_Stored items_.
--

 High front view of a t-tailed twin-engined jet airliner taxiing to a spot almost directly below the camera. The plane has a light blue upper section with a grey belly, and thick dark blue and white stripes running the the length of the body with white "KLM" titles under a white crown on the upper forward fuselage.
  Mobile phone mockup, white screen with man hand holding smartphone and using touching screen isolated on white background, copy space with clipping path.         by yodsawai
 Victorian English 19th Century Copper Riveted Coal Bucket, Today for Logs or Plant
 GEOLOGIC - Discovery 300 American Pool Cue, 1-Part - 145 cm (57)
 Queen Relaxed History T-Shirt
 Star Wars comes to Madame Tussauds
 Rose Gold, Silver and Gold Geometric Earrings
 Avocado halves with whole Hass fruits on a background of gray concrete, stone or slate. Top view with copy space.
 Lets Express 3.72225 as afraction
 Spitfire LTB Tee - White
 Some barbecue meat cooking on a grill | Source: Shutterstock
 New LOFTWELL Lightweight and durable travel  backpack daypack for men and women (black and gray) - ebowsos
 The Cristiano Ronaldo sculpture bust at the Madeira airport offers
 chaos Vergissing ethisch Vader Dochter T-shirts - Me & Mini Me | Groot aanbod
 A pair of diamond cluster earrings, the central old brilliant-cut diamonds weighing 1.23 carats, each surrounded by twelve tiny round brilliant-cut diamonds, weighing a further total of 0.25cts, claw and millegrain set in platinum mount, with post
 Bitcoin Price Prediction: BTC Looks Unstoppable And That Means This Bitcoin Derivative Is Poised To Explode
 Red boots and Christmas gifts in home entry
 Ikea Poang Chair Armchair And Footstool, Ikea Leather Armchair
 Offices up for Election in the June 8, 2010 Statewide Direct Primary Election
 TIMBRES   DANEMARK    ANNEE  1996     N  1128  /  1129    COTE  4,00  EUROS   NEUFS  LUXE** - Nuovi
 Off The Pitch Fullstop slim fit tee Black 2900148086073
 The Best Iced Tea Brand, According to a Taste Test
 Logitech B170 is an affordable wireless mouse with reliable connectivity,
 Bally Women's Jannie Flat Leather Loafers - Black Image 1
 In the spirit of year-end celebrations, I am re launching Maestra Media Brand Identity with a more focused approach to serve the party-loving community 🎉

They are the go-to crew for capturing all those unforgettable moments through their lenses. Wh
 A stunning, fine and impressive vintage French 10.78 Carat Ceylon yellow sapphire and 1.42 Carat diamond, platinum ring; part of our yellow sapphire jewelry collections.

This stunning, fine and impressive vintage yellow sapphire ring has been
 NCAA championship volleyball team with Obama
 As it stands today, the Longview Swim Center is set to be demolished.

--

_Task requirements_.
Report each line in the preceding entries that holds the string "Brand".

_Reply_.
 The Best Iced Tea Brand, According to a Taste Test
 In the spirit of year-end celebrations, I am re launching Maestra Media Brand Identity with a more focused approach to serve the party-loving community 🎉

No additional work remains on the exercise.